8.General Provisions.

(a)Independent Contractors.The relationship between the Parties established by this Agreement is solely that of independent contractors. Nothing contained within this Agreement shall constitute Customer acting as an agent, partner or joint venturer of CLUBINK, and nothing contained herein shall grant Customer the right or authority to create any obligation of or on behalf of CLUBINK.

(b)Successors and Assigns; Assignment.This Agreement shall be binding upon and inure to the benefit of the Parties and their respective heirs, successors and assigns; provided, however, neither Party shall assign this Agreement without the prior written consent of the other Party.

(c)Survival.The terms of Section 1(d) and (e), 2, and 5 through 10 inclusive of this Agreement will survive any termination or expiration of this Agreement.

(d)Customer’s Age.Customer agrees that They/He/She are over age 18.

(e)No Third Party Beneficiaries.This Agreement is solely for the benefit of CLUBINK and Customer and their respective successors and permitted assigns. This Agreement shall not be deemed to confer upon or give to any other third party, including but not limited to any End-User, a remedy, claim, cause of action or other right.

(f)Non-Exclusivity.The Parties agree that this Agreement is not intended to be an exclusive arrangement for the sale of Products and nothing herein shall prevent CLUBINK for selling similar or the same Products in any other manner, including but not limited to on its own channels of distribution or through other third-parties.

(g)Entire Agreement; Amendments.This Agreement and any schedules or exhibits attached hereto and referenced herein set forth the entire agreement and understanding of the Parties with respect to the subject matter hereof, and supersedes all prior agreements, arrangements, and understandings related to the subject matter hereof. Any purchase orders and any acknowledgements or other preprinted forms or related documentation issued by either of the parties for the Orders are issued solely for administrative purposes, and all terms, conditions and obligations contained therein or on such other forms or documentation shall be deemed to have no effect with respect to the sale of Products as set forth herein.

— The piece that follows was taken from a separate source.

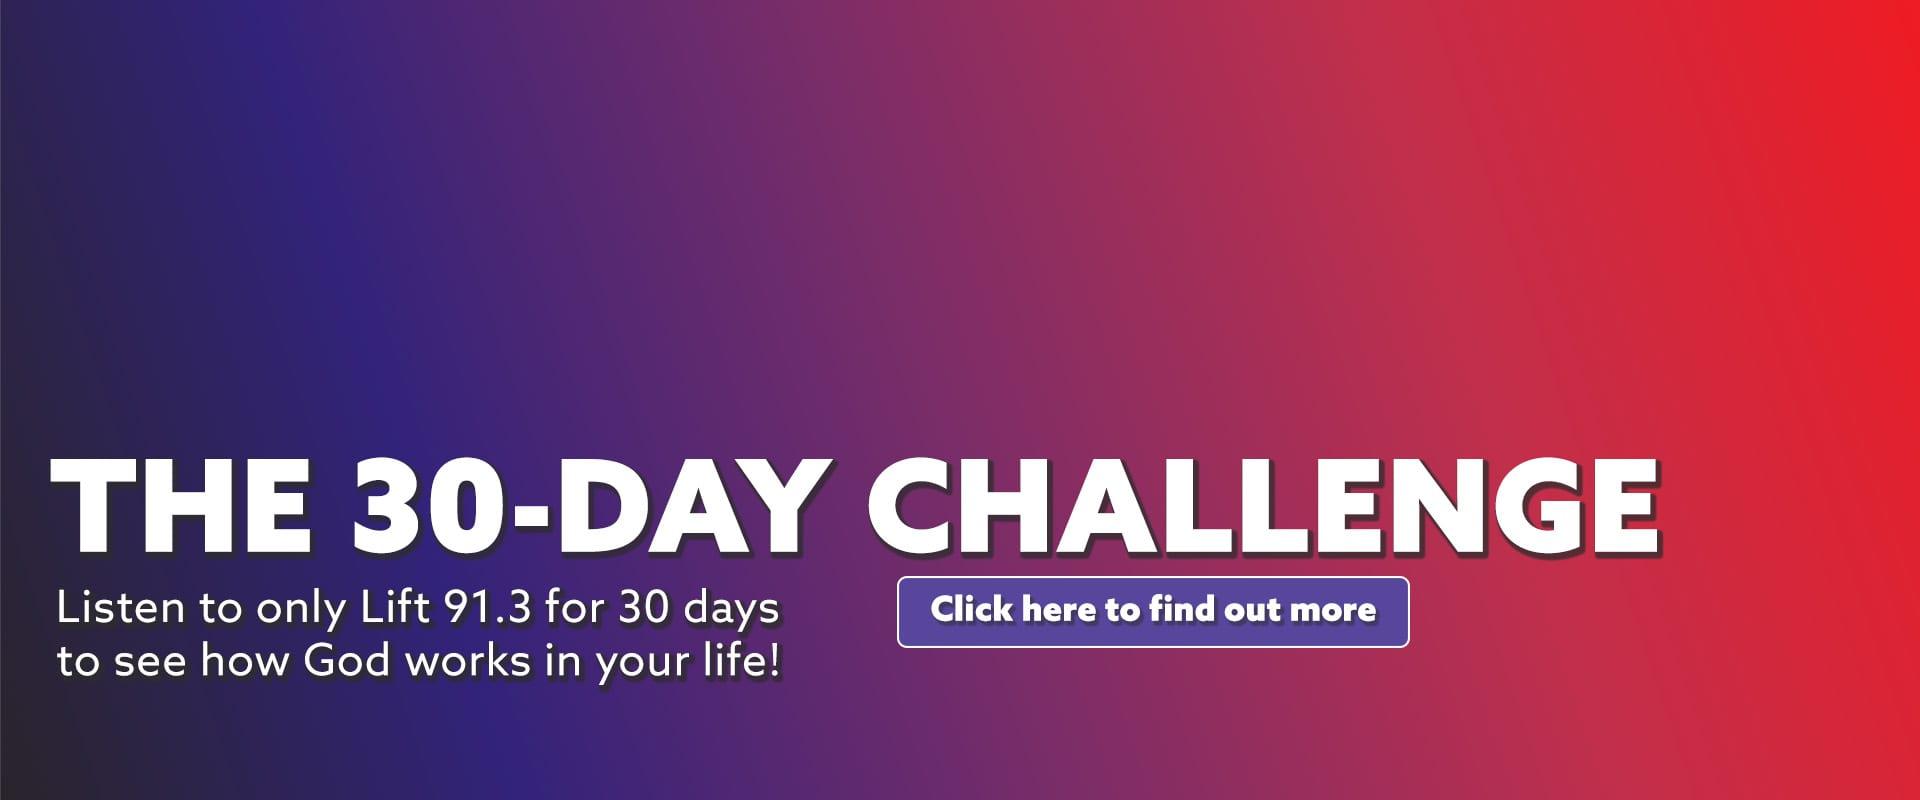 2020-30-Day-Challenge-Lift

This Agreement may be amended, modified, superseded, or canceled, and any of the terms, provisions, covenants, representations, warranties, or conditions hereof may be waived, only by a written instrument executed by both Parties, or, in the case of a waiver, by the Party waiving compliance.

(h)Excusable Delay.Neither Party shall be liable for failure to perform any of its obligations during any period in which performance is delayed by any cause beyond its reasonable control, such as fire, flood, war, wind, earthquake, embargo, military authority, labor disputes, riots, sabotage, dockage, epidemics, power shortages, governmental intervention and restrictions, or other cause outside of such Party’s control, provided that the Party suffering such delay promptly notifies the other Party of such delay and uses its commercially reasonable efforts to minimize and mitigate such circumstances.

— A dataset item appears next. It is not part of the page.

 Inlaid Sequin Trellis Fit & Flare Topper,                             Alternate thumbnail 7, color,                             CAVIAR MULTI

(i)Severability.Should any term, covenant, condition or provision of this Agreement be held to be invalid or unenforceable, the balance of this Agreement shall remain in full force and shall stand as if the unenforceable provision did not exist.

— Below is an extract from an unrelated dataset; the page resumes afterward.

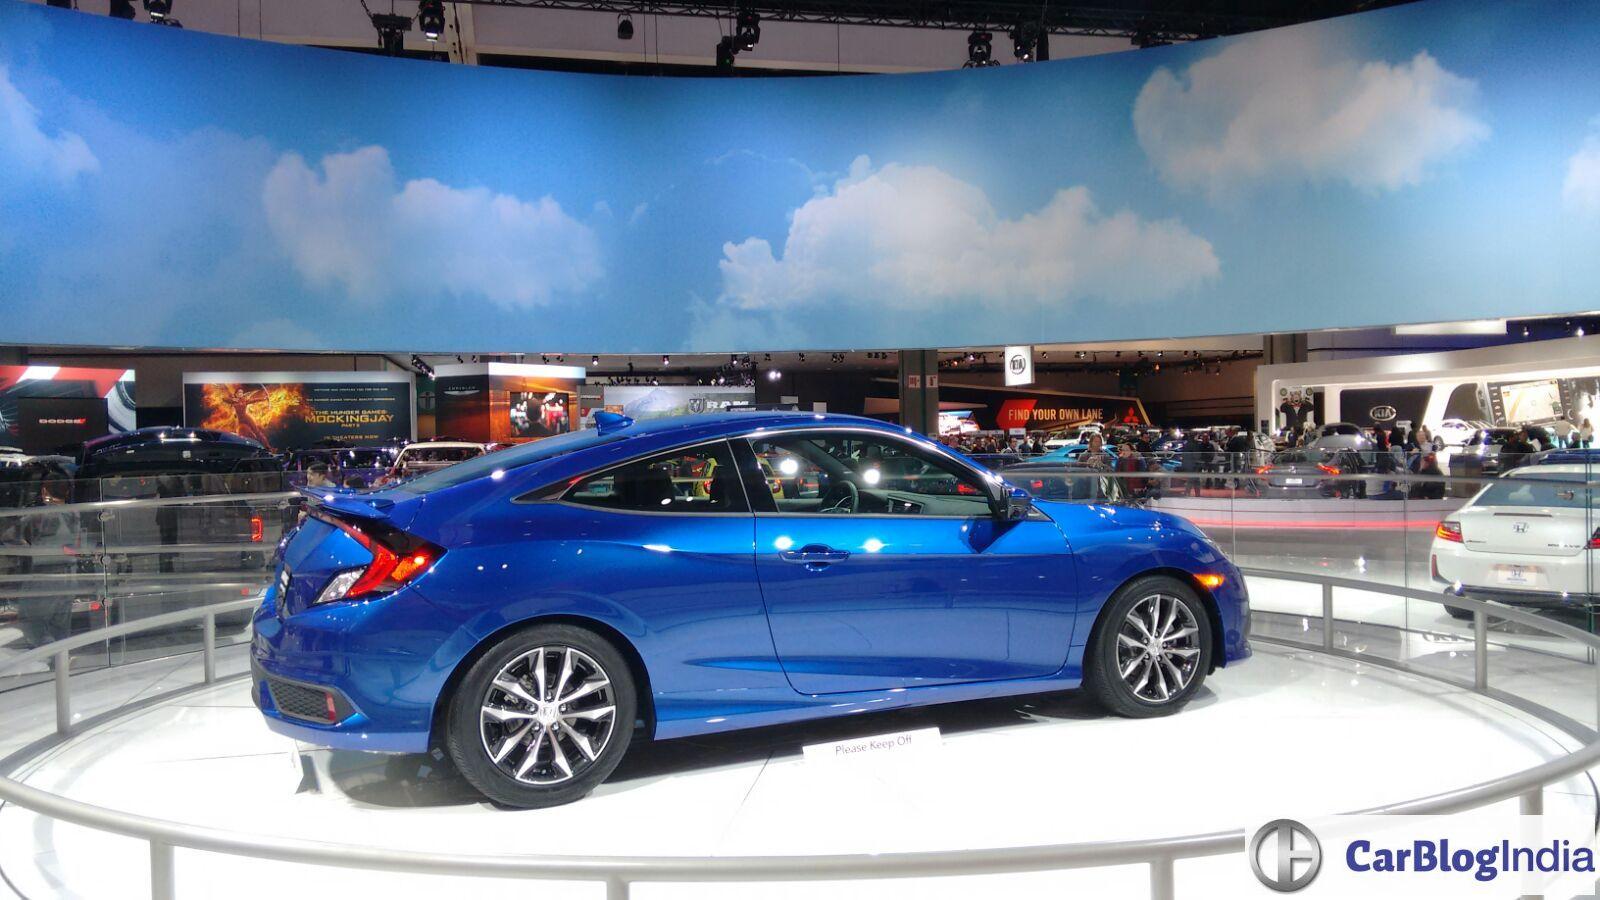 2014 Honda Civic India launch, diesel model, price, details

(j)Waiver.Failure by either Party at any time to require performance by the other Party or to claim a breach of any provision of this Agreement will not be construed as a waiver of any subsequent breach, nor affect the binding nature of this Agreement nor any part thereof, nor prejudice either Party as regards to any subsequent action.

(k)Headings.The paragraph headings of this Agreement are for reference only and shall not be considered in the interpretation of this Agreement.

IN WITNESS WHEREOF, the Parties have caused this Agreement to be executed by an authorized officer or agent, all as of the Effective Date.